Modern Configuration Converter
Tableau
A modern configuration converter based on Protobuf(proto3).
Features
- Convert xlsx to JSON, JSON is the first-class citizen of exporting targets.
- Use protobuf as the IDL(Interface Description Language) to define the structure of xlsx.
- Use golang to develop the conversion engine.
- Support multiple programming languages, thanks to protobuf.
Concepts
- Importer: xlsx/xml importer.
- IR: Intermediate Representation.
- Filter: filter the IR.
- Exporter: JSON(protojson), Text(prototext), Wire(protowire).
- Protoconf: a configuration metadata format based on protobuf.
Workflow
xlsx -> Importer -> Protoconf -> Exporter -> JSON/Text/Wire
Types
- Scalar
- Message(struct)
- List
- Map(unordered)
- Timestamp
- Duration
TODO
protoc plugins
- Golang
- C++
- C#/.NET
- Python
- Lua
- Javascript/Typescript/Node
- Java
- metatable: a message to describe the worksheet's metadata.
- metafield: a message to describe the caption's metadata.

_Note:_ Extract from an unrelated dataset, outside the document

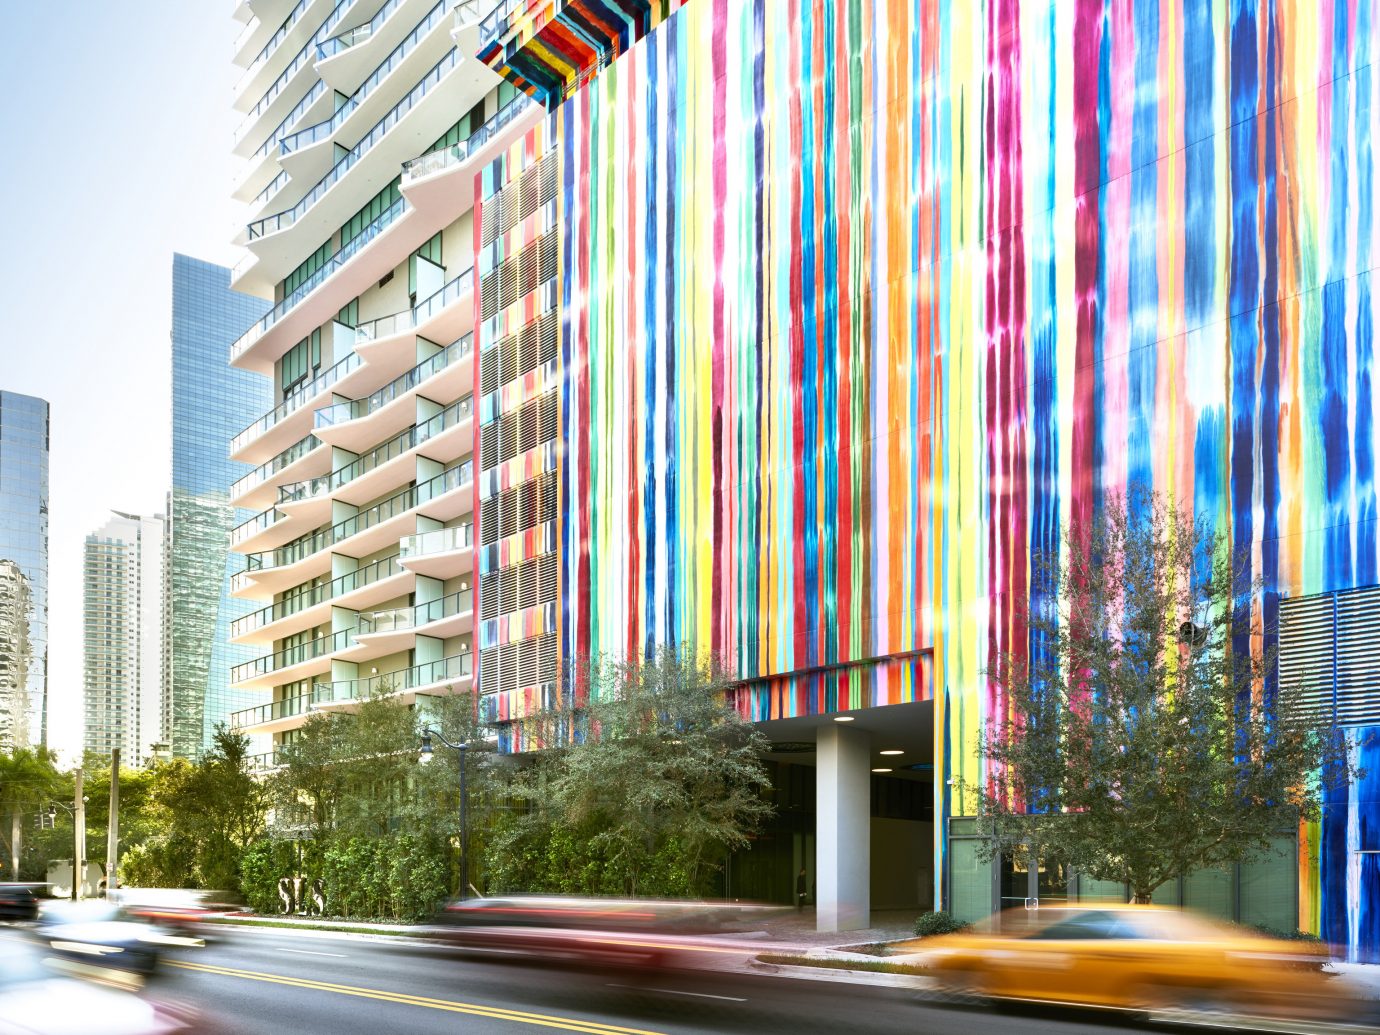 Hotels outdoor urban area Architecture interior design facade Downtown condominium lighting City skyscraper tower block window covering colorful lined tall

- captrow: caption row, the exact row number of captions at worksheet. Newline in caption is allowed for more readability, and will be trimmed in conversion.
- descrow: description row, the exact row number of descriptions at worksheet.
- datarow: data row, the start row number of data.
Newline(line break) in major operating systems:
OS |
Abbreviation |
Escape sequence |
Unix (linux, OS X) |
LF |
\n |
Microsoft Windows |
CRLF |
\r\n |
classic Mac OS/OS X |
CR |
\r |
LF: Line Feed, CR: Carriage Return.
Mac OS X
Generator
- generate protoconf by xlsx(header): xlsx -> protoconf
- generate xlsx(header) by protoconf: protoconf -> xlsx
Conversion
- xlsx -> JSON(default format and human readable)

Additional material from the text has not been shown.